Климов насторожился и, сощурив круглые серые глаза, уставился в угол потолка. Ему нетерпелось: каким-то сотым чувством он ожидал от Балашова экстравагантного трюка. А между тем Константин Львович говорил:
- Так вот: сейчас все наше трудовое крестьянство и занято тем, чтобы дать стране больше мяса, молока. Молоко - это коровы. Мясо - это миллионы свиней. Это надо отразить. Это достойно искусства.
Балашов говорил очень серьезно и даже с пафосом, но Климов безошибочно видел в его словах лицемера и ханжу. Когда наконец автор удивительно ловко сбросил целлофан, все присутствующие в один голос крякнули. Перед ними на деревянном постаменте стояла огромнейшая глиняная свинья.
Климов сначала ошалело присвистнул, а потом звонко, как мальчишка, расхохотался, сквозь смех приговаривая:
- Черт-те что… Ну и отколол ты штуку, Константин Львович. Экую махинищу соорудил. И как только подмостки выдерживают. Глины-то небось тонн пять. Вот это свинья, всем свиньям свинья… - и продолжал откровенно смеяться.
- Считай на полтысячи рублей одной глины убухал, - пояснил Балашов. - А я за нее вот ни копейки не получил. - И протянул ладонями кверху свои узкие, в морщинах руки, точно говоря: вот, смотрите - пустые.
- Да ценить-то ее как, по весу, что ли? - не унимался Климов, сверкая искрами колючих глаз.
И тут Балашов все понял. Понял, что фокус не удался и что договора ему на эту работу не видеть, как своих ушей. Он хотел было разразиться резкой тирадой по адресу Петра Васильевича, но тот опередил его:
- Скажи, Константин Львович, ты это для какой-нибудь сельхозвыставки делал, как вещь декоративную?
Балашову показалось, что ему бросили спасательный круг, и он не преминул за него ухватиться:
- Да, конечно, это можно и в павильоне свиноводства поставить, - ответил Константин Львович.
- Но у вас что, заказ такой был, договор? - поинтересовался представитель Министерства культуры.
- Никакого заказа не было. Я работал на свой страх и риск, понимая, что это необходимо, актуально и просто нужно. Я считаю, что ее можно дать на выставку… Я успею в гипсе отформовать.

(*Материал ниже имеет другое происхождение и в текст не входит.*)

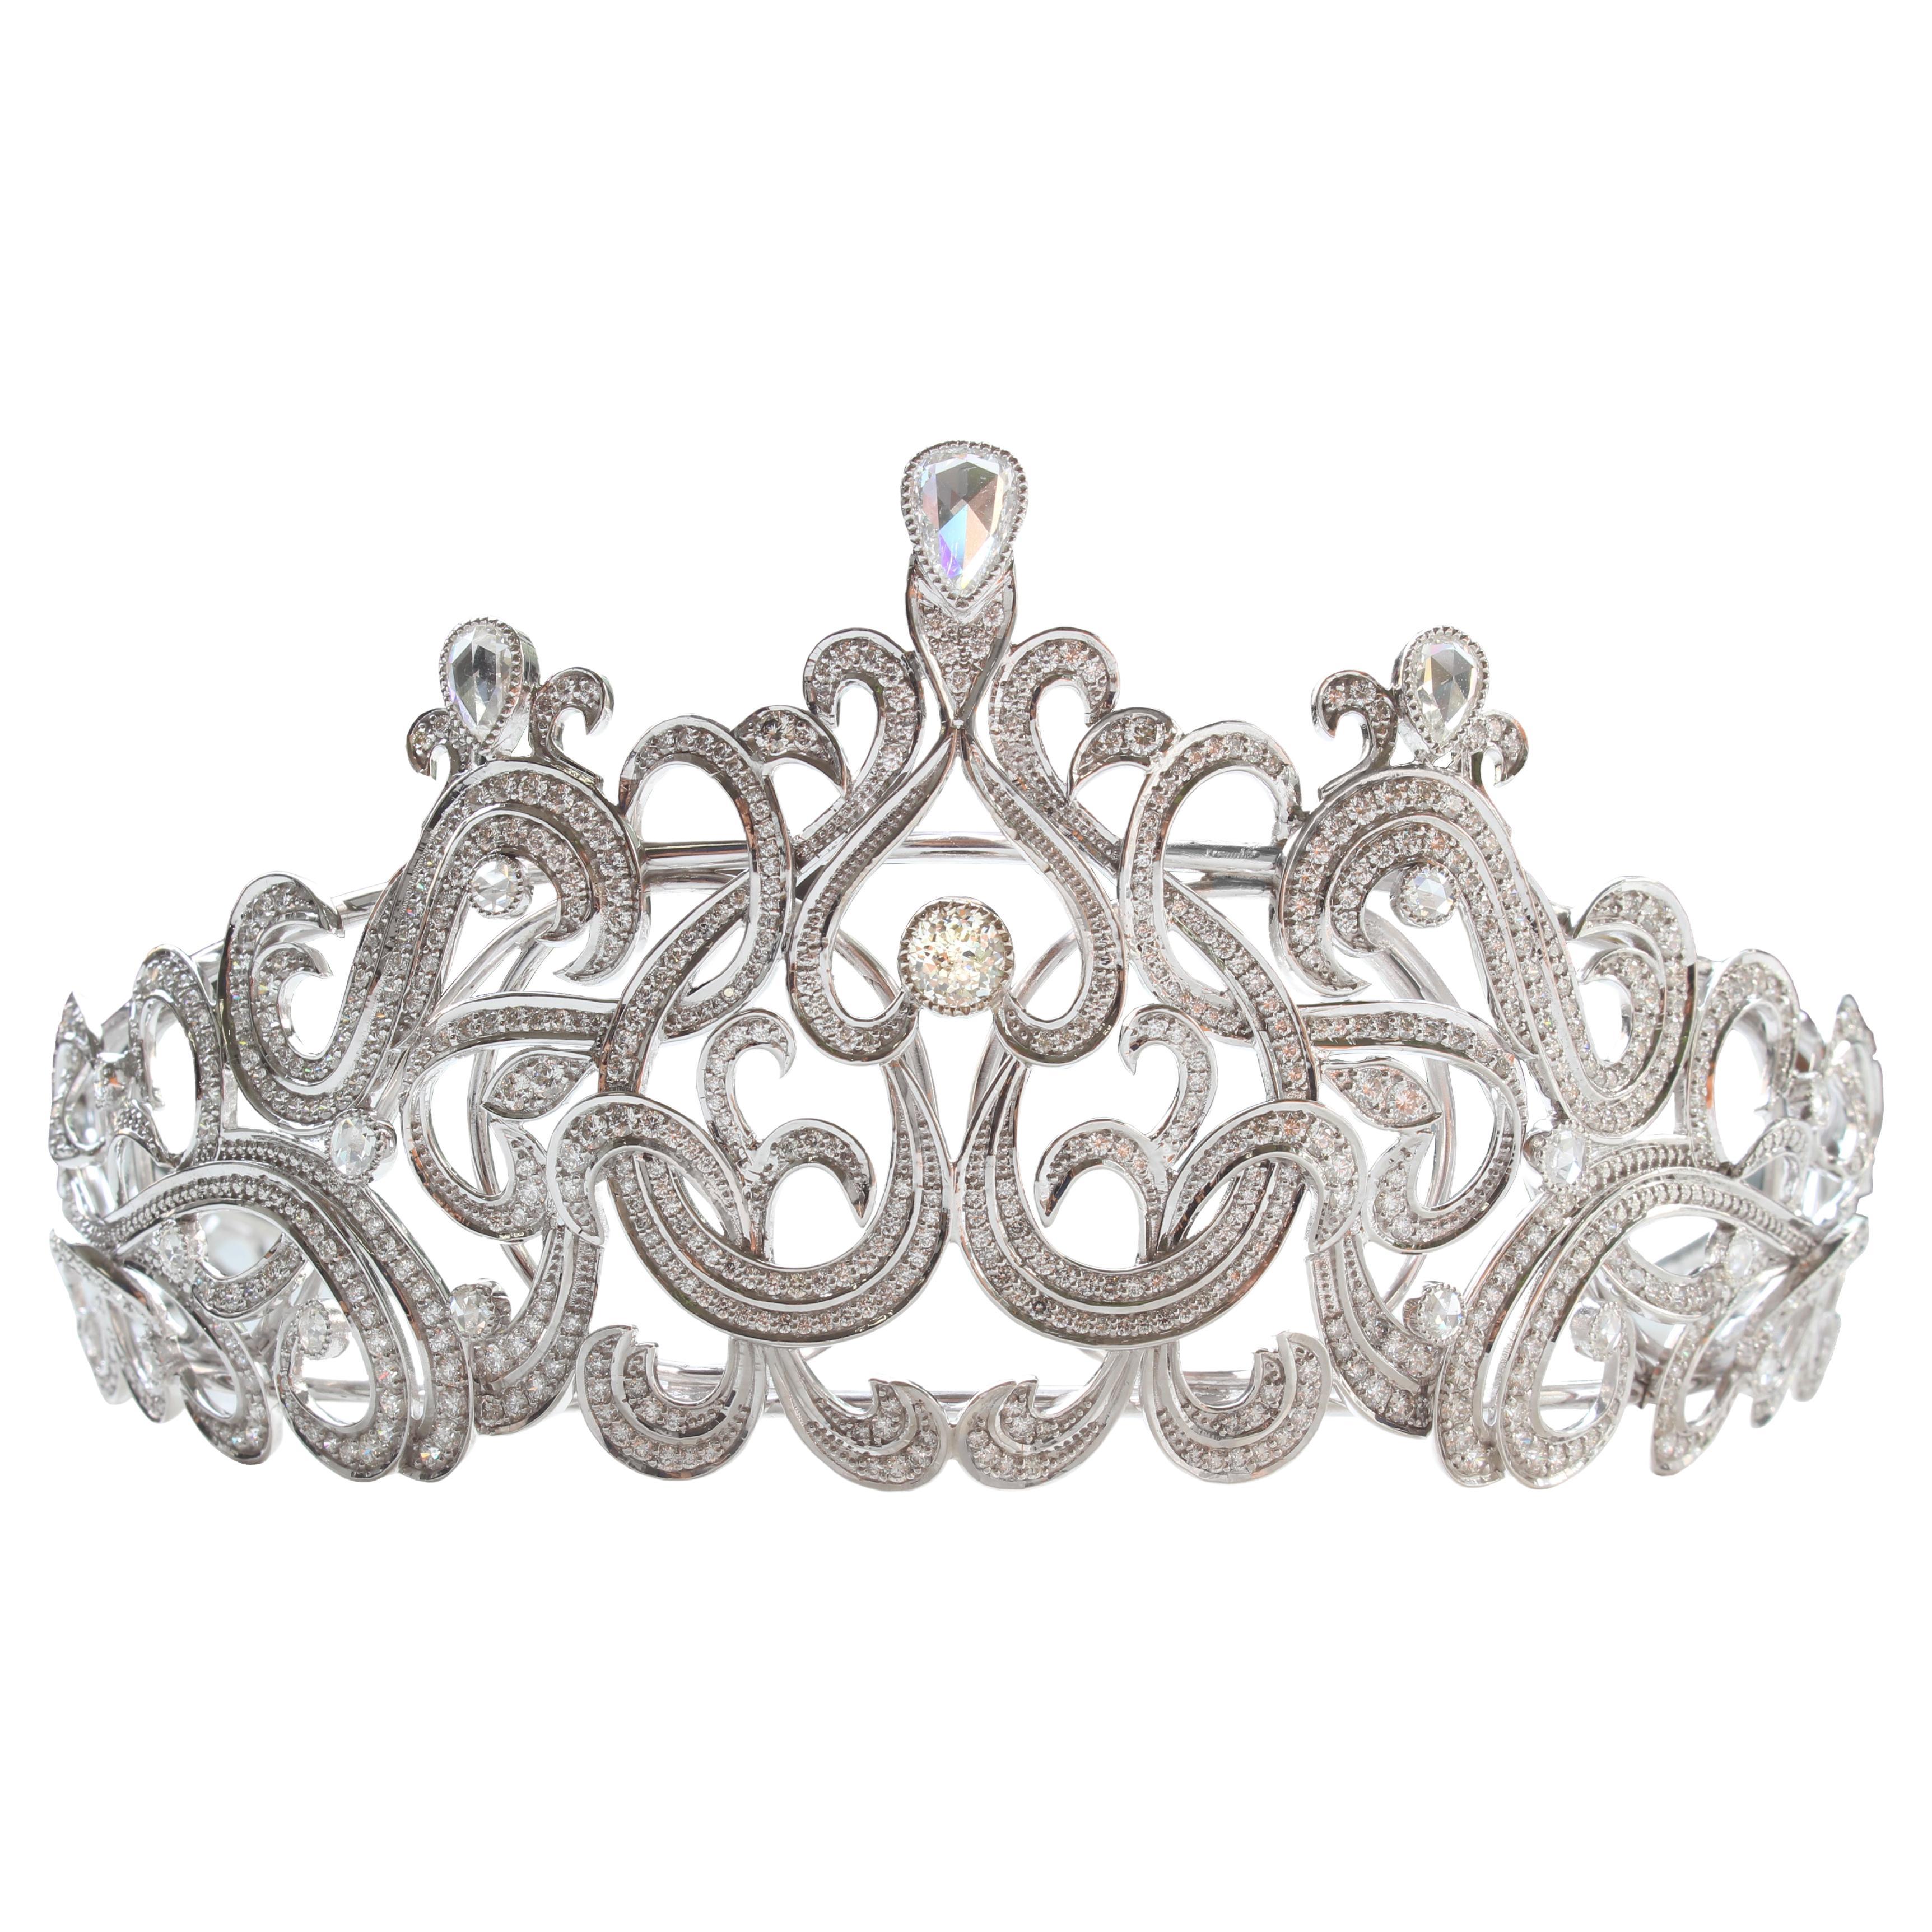 Crown Jubilee Diamond Tiara Encrusted with Diamonds Weighing 16.67ct 
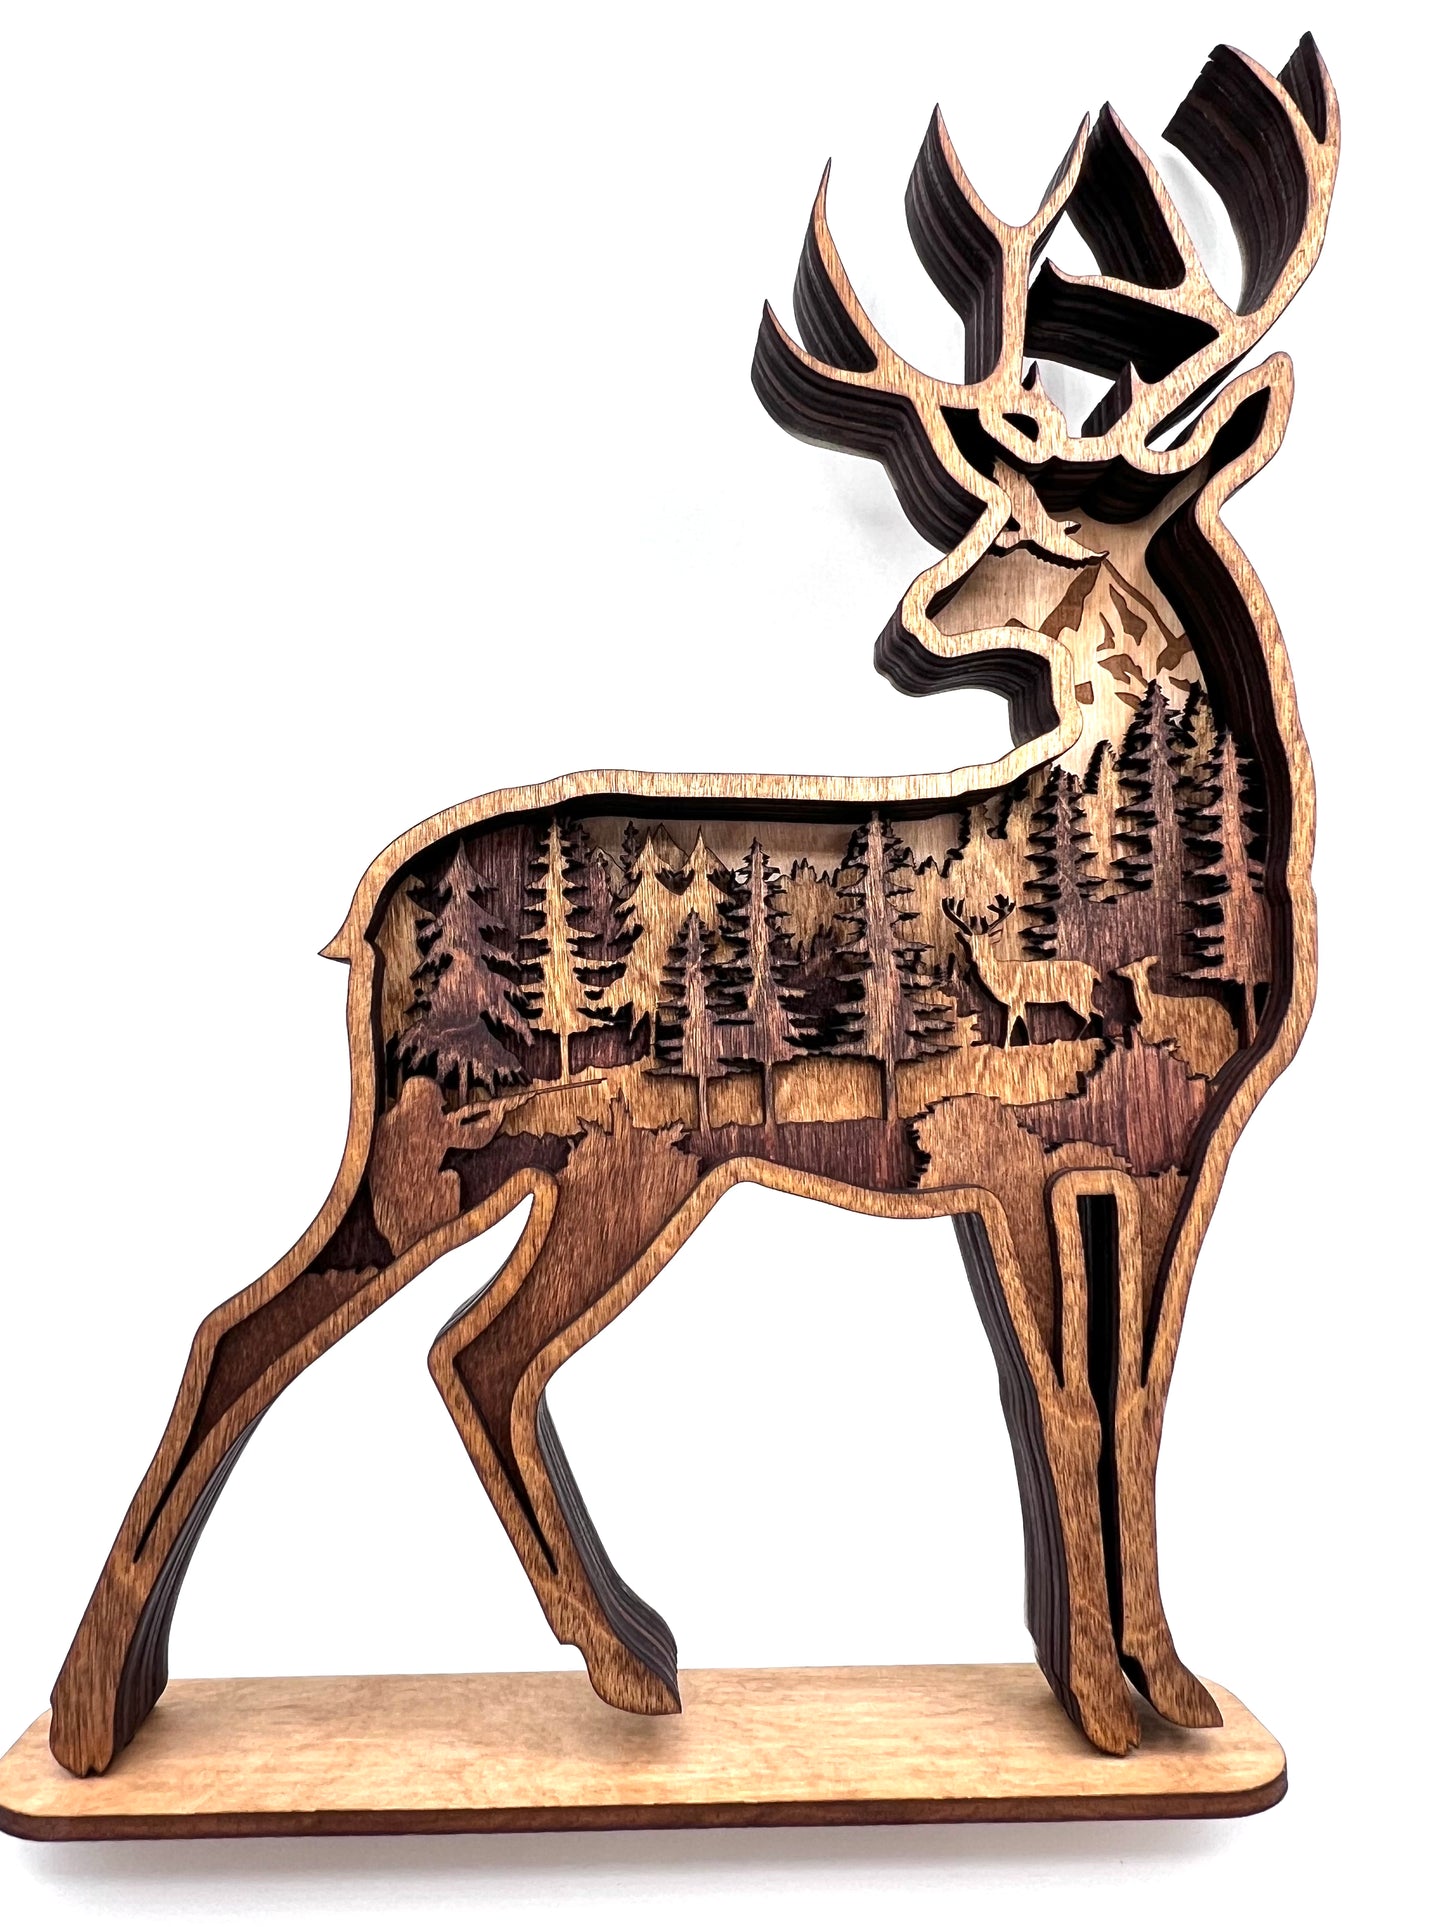 Deer Hunter, Tabletop Multi-Layer Wood

- Это невозможно, Константин Львович, - очень деликатно заметил Бульбин. - У вас, как вам сказать… декоративная скульптура.
- А декоративная скульптура - что, по-вашему, не искусство? - быстро, будто поймал на слове, спросил Балашов и прицелился в живописца прищуренным глазом.
- Вы шутите, Константин Львович, - примирительно заговорил представитель министерства. - Кто поверит, что вы всерьез предлагаете это на художественную выставку.
- А почему, почему бы и нет? - недоуменно сердился Балашов, весь подергиваясь. - Это что, не современно? Или вы и здесь нашли рецидивы формализма? В чем дело? Вы что - против обращения художника к современной теме?! Разве это не соцреализм?
- Мы против пошлости в искусстве, - очень четко и резко ответил Климов. Теперь глаза его сверкали гневом; Балашов смолчал. И Климов закончил, ни к кому не обращаясь: - Представляю критика-доброжелателя, который напишет об этом произведении: маститый скульптор Балашов создал эпохальный, глубокий образ современной свиньи.
Нервически расхаживая по мастерской и потирая свои волосатые руки, Балашов продолжал изрекать философически и глубокомысленно:
- Я никогда не подличал, ни под кого не подстраивался, как некоторые. Не продавал свою совесть, честь, принципы, как это делают некоторые преуспевающие. Не дарил никому дорогих подарков в виде взяток, не превозносил и не прославлял подлецов… Я живу тихо, скромно, без академической зарплаты. И никто за меня не работает: сам леплю, сам формую, сам и вырубаю. Сам! Вот этими руками!.. Никого не эксплуатирую. Не держу штата помощников, гранитчиков-мраморщиков. Вот!..
- Да нет, давайте спокойно поговорим. Предположим, мы купим у вас вашу, извините, свинью. Уплатим вам народные деньги. Ну а дальше, что дальше? Что мы с ней будем делать? В самом деле: куда ее? Где ее поставить? Ведь, говоря откровенно, вы просто хотите нам подсунуть свинью. Нет уж, давайте лучше посмотрим еще что-нибудь. Вот у вас здесь я вижу довольно любопытные статуэтки, - и Климов отвернулся от свиньи, направляясь к статуэткам. Но Балашов загородил ему дорогу:
- Я три года работал, столько труда ушло, здоровья - и теперь куда все это? Кто оплатит мой труд?
- Надо было раньше посоветоваться с товарищами, - заметил представитель министерства.
- Что я, мальчик! - воскликнул Балашов. - Я художник и творю по зову своего сердца!
- Вы утверждаете, что и свинью эту создали тоже по зову своего сердца? - перешел в атаку Климов. - Не верю!..
- Я никогда не был неискренним в искусстве, - вспылил Балашов. - Никто меня не посмеет обвинить в конъюнктурщине!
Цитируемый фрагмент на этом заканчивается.